Ray Shell, C.E. Smith and especially Lauren Elder also contributed to the success of the evening, but the show belonged to Nicholls. And of course the marvelous score. Someone should write a musical (rock musical of course) of Falstaff for him. He would be sensational!
Could the show be revived now? Probably not. I’m not sure anyone really wants to hear about the urban horrors of New York in the 70s despite the score. But it sure brought back some great memories.
And speaking of Memories, these memories are lighting the corners of my mind. No, I’m not talking about a Barbra concert. Last night I saw the next best thing, Blake Ewing Salutes Barbra, the Concert.
This was a return engagement at the Laurie Beechman Cabaret where Blake explores his obsession with Barbra and specifically her first concert tour in 27 years. But it’s much more than a fan’s tribute. Similar to Ben Rimalower’s magnificent Patti Issues where Rimalower uses his devotion to La LuPone to explore a funny if painful childhood, Ewing uses Barbra to talk about his career and of course sing some of the best songs ever written, as Barbra had impeccable taste in music.

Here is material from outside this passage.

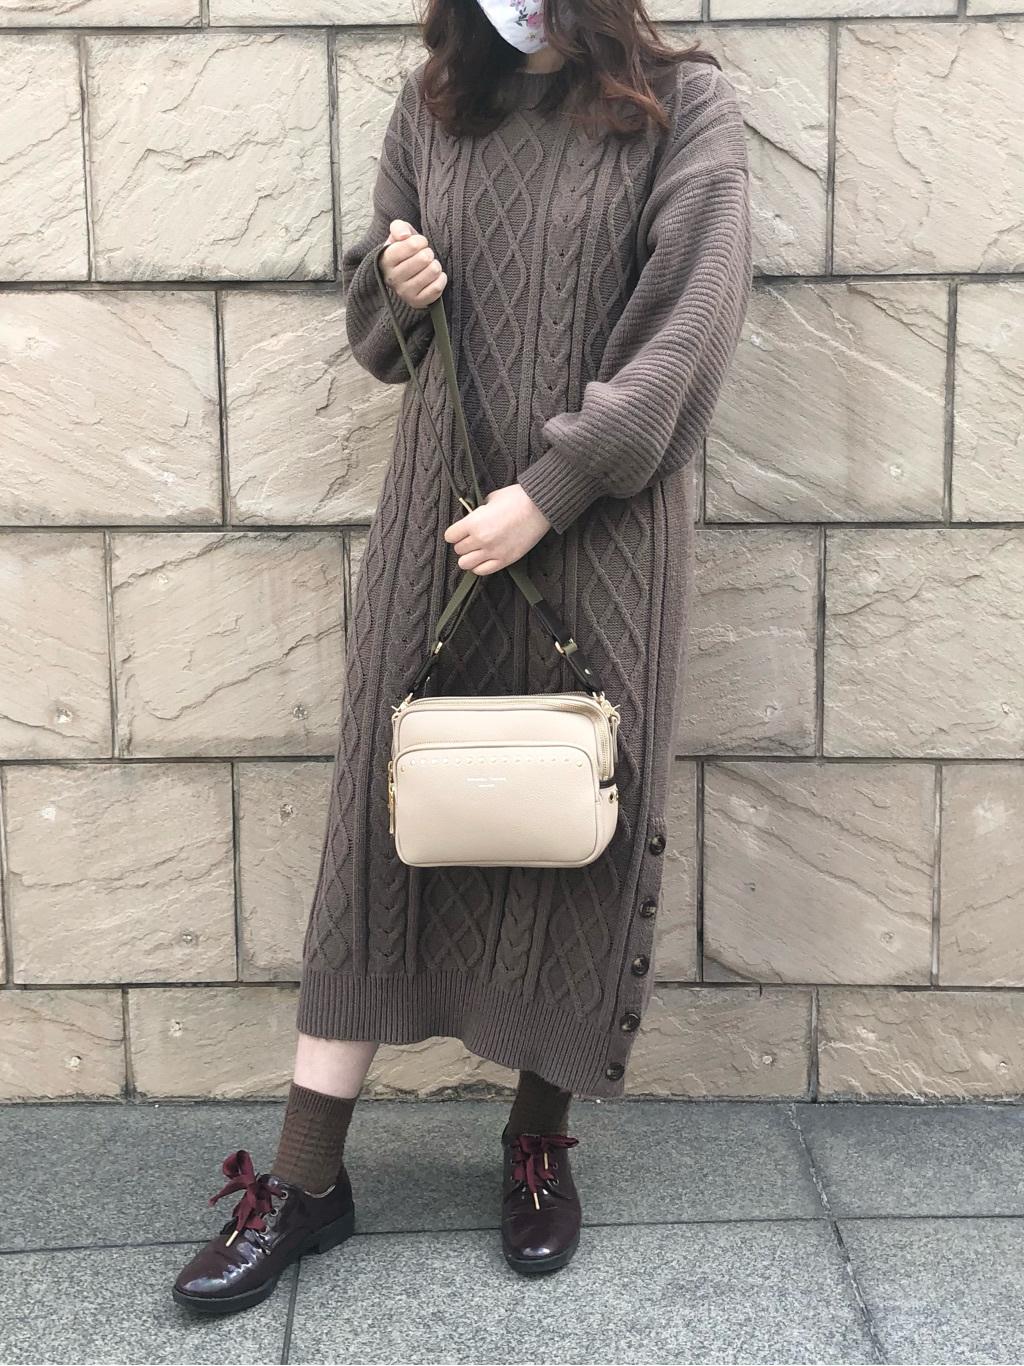 サマンサタバサデラックス サマンサタバサプチチョイス そごう広島店 misaki

I first became a fan of Ewing in 1994, when at 9 he not only won “Star Search,” he booked two years on the sitcom “Full House,” starred in the original production of Ragtime in LA, plus starred in the movie The Little Rascals. Not bad for a nine year old. But he was far from the typical kid star because Ewing could sing. And what a voice. When I first heard him I couldn’t believe the control he had, the beautiful tone not to mention flawless pitch. He was a fully formed singer at nine!
Over the years he’s become a producer, director, writer, but for me, he’ll always be this amazing singer; it takes a certain amount of chutzpah, to not only sing Barbra material, but also sing her arrangements!
I was pretty sure Ewing could deliver these seminal arrangements of seminal songs, but honestly, nothing prepared me for depth of his mature voice and the fluidity of his phrasing. Yes, he was “doing” Barbra, but he was also out-doing Barbra. No small feat.
Plus the show was charming, self-effacing, funny, witty, and frankly a perfect evening in a cabaret.
He’ll be back in October and I can’t wait to see it again.
I remember one of the gossip columnists in the Daily News used to close her column with “only in New York, kids,” and seeing Inner City, a flop show from the 70s revived with star-powered panache at a glorious supper club and then going to see Blake Ewing top Barbra is something that, well, only can happen in New York City. Glad I’m here.